[Task material — start]

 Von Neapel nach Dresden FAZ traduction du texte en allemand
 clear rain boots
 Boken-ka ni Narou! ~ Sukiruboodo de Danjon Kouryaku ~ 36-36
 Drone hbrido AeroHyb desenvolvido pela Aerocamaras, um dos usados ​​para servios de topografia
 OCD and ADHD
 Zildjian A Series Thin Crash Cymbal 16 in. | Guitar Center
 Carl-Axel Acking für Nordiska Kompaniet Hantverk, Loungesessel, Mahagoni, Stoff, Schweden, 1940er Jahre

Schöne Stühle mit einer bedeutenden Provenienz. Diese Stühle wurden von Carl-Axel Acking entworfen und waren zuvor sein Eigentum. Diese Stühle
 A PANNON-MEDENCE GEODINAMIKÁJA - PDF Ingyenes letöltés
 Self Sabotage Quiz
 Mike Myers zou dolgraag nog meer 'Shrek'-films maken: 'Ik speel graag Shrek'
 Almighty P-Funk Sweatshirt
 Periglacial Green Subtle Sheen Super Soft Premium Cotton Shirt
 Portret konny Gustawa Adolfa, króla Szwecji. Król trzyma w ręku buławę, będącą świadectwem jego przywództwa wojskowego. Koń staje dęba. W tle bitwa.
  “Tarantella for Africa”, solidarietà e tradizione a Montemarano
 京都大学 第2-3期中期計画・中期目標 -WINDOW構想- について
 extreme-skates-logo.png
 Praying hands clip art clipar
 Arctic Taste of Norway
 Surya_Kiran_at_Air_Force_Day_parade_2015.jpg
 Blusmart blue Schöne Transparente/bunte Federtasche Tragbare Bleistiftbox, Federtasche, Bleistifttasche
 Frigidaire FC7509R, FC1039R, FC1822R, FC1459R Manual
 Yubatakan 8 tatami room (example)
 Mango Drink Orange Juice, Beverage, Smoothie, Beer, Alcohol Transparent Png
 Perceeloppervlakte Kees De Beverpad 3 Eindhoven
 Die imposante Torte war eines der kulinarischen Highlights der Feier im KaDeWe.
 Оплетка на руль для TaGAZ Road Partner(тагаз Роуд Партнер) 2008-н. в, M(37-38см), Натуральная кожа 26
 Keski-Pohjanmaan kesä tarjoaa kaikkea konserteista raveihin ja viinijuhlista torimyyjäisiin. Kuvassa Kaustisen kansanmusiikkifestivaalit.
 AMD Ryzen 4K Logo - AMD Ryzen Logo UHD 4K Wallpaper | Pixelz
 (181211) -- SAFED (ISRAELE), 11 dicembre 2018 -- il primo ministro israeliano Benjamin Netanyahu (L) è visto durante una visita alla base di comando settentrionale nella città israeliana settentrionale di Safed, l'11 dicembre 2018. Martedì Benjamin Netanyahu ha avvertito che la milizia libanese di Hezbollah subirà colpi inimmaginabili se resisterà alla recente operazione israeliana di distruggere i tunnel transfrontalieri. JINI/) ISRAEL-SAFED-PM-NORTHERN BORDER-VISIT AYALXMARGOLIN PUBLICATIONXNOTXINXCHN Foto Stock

[Task material — finish]

**Work to be completed**
Wherever a line in the records above includes "Schöne", count it, then give the total and nothing besides.

**Finished exercise**
2